Board members and staff disputed the notion that the committee acted without access to updated data. BCPS staff said the committee was provided September 30 enrollment figures in November but did not have pre-calculated utilization percentages until the final meeting; staff also said the committee had examined many options and ultimately nominated the recommendation now before the board. Dr. Rogers told the board the recommendation from the committee will be the subject of review at the board’s public hearing and deliberation in March.

What was decided and what’s next: staff announced a public hearing on the proposed recommendation for Feb. 25 at 6:30 p.m. at Stemmers Run Middle School (speaker sign-up 5:30–6:25 p.m.). The board is scheduled to vote on the boundary change at its March 10, 2026 meeting. Board members asked staff to post the committee slides and the statistical comparison document referenced during Q&A so the public could review the updated enrollment and utilization tables.

Key quotes: “Parents need to be briefed on the change in data, the source of the data, and details of the change,” said parent Matt Cambry. “The committee was given the actual enrollment of each school on Sept. 30,” staff responded, noting those numbers were verified by MSDE.

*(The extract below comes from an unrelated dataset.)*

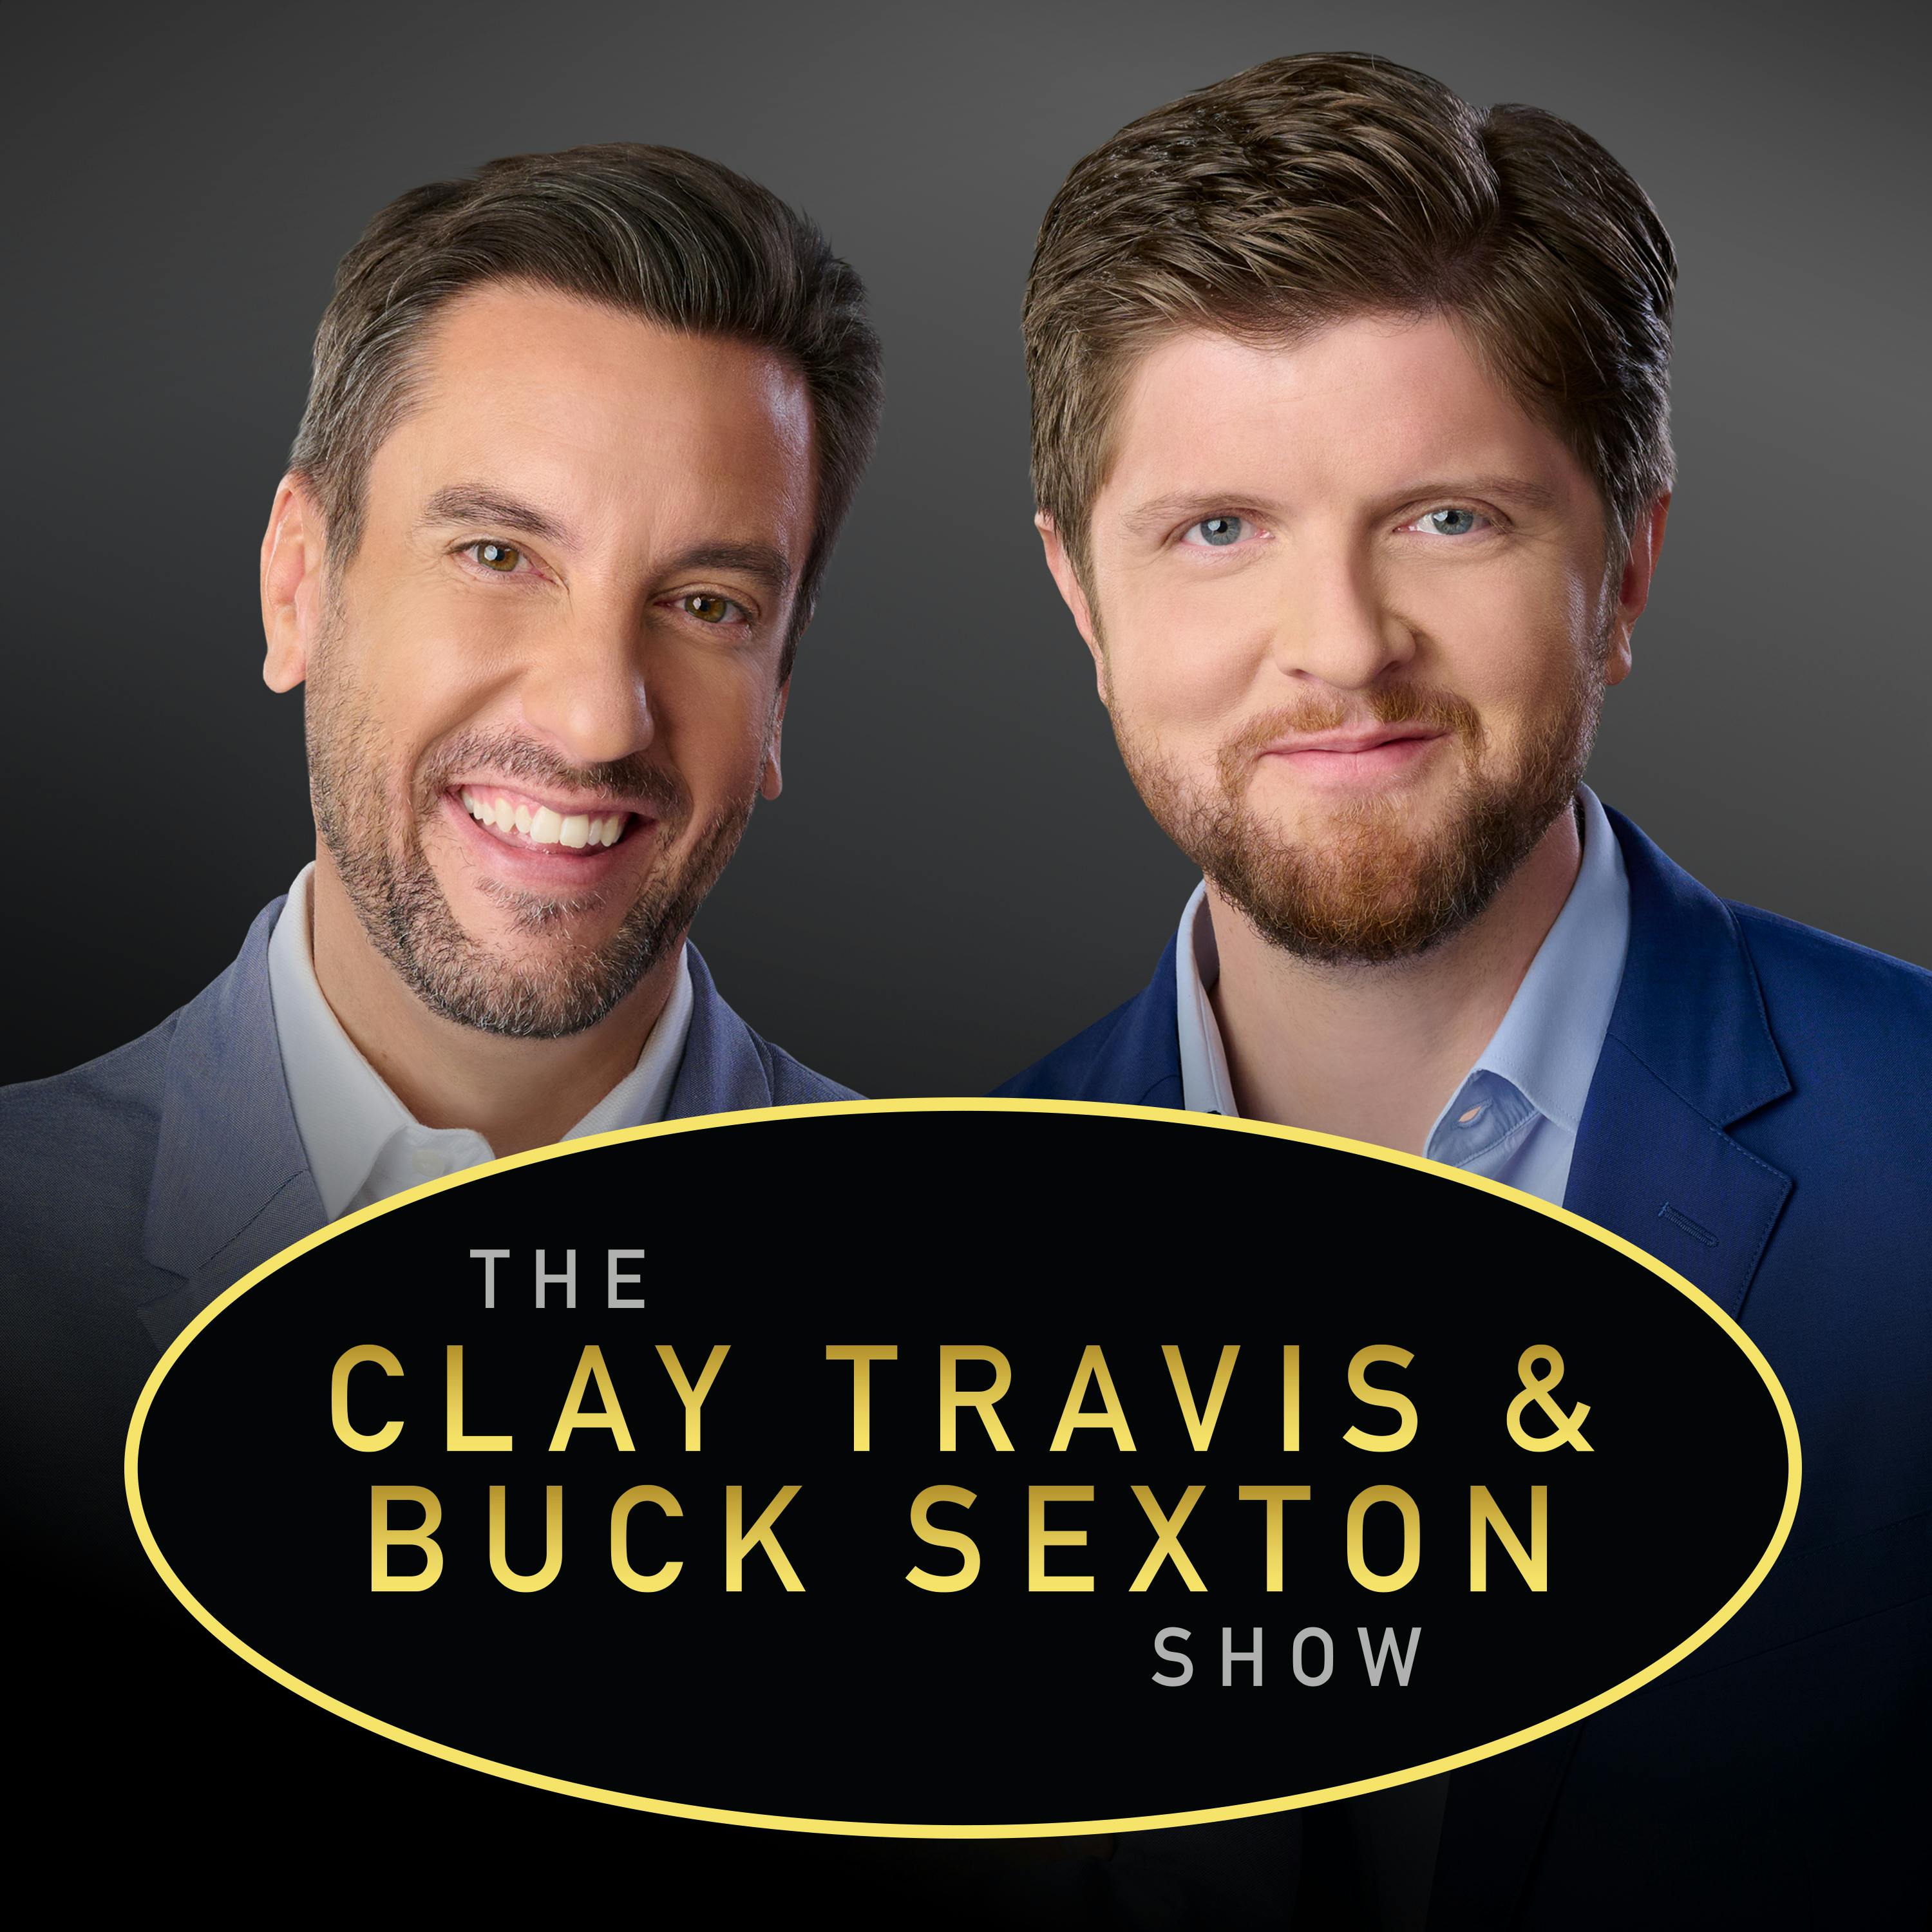 Clay Travis and Buck Sexton Show H1 – Dec 2 2021

The board also discussed transportation impacts and said transportation and special-education staff had evaluated drive times under both options; staff said Option A would require more transit adjustments than Option B.

The boundary study materials (slides and statistical-comparison tables) are posted on the BCPS boundary-study web page; staff said they will double-check that the specific slide packages referenced in the meeting are accessible to the public.